We suggest that a bimodal distribution of the colony sizes can be a consequence of a difference in the cell proliferation rates in cell groups of different sizes that may arise from their interactions. It can be expected that colonies starting from larger groups grow faster, not only due to the initial conditions but the preference of cells to growth in close proximity to neighbours22,23. To capture the bimodal nature of the colony size distribution, we consider two populations, A and B, each with a different initial condition,

$$\begin{array}{ccc}{N}_{0} & = & \{\begin{array}{cc}\mathrm{1,} & {\rm{group}}\,{\rm{A}},\\ \mathrm{2,} & {\rm{group}}\,{\rm{B}},\end{array}\end{array}$$

where the probabilities for a colony to belong to groups A and B are α and β, respectively.

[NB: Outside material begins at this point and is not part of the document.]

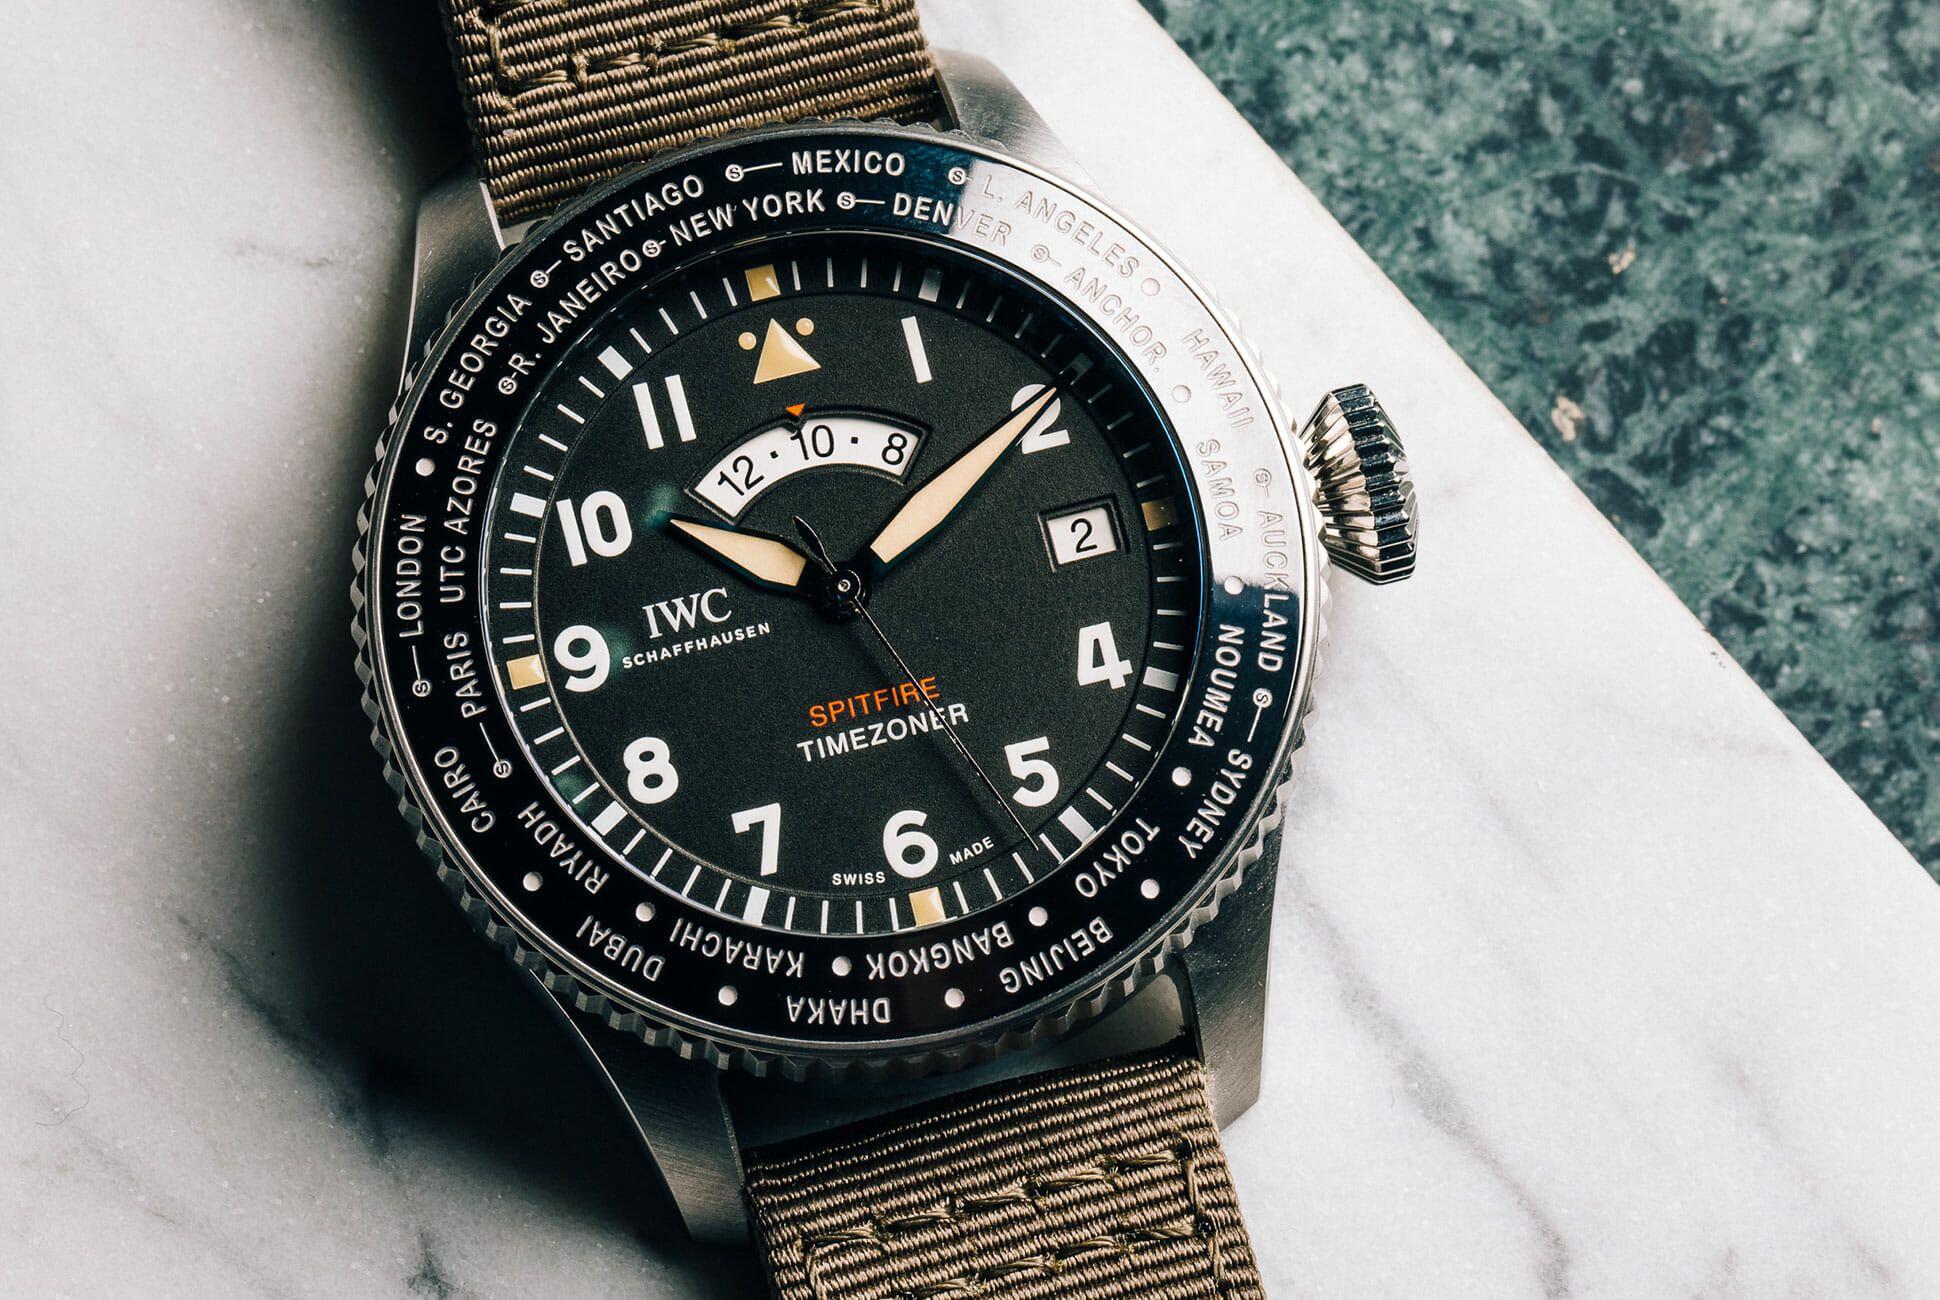 Best-of-SIHH-gear-patrol-IWC-Timezoner-The-Longest-Flight-slide-1

Each population then follows Eq. (1) with its corresponding initial condition,

$$(\begin{array}{cc}{N}_{{\rm{A}}}(t)={e}^{{\gamma }_{{\rm{A}}}t},\,{\gamma }_{{\rm{A}}} \sim {\rm{Norm}}({\mu }_{{\rm{A}}},{\sigma }_{{\rm{A}}}^{2}), & {\rm{with}}\,{\rm{probability}}\,\alpha ,\\ {N}_{{\rm{B}}}(t)=2{e}^{{\gamma }_{{\rm{B}}}t},\,{\gamma }_{{\rm{B}}} \sim {\rm{Norm}}({\mu }_{{\rm{B}}},{\sigma }_{{\rm{B}}}^{2}), & {\rm{with}}\,{\rm{probability}}\,\beta ,\end{array}$$
(2)

and each of NA and NB has a lognormal probability distribution. Thus we consider separately colonies that originate from a single cell and those from cell pairs. We consider the possible role of cell triples and larger progenitor groups in the Discussion.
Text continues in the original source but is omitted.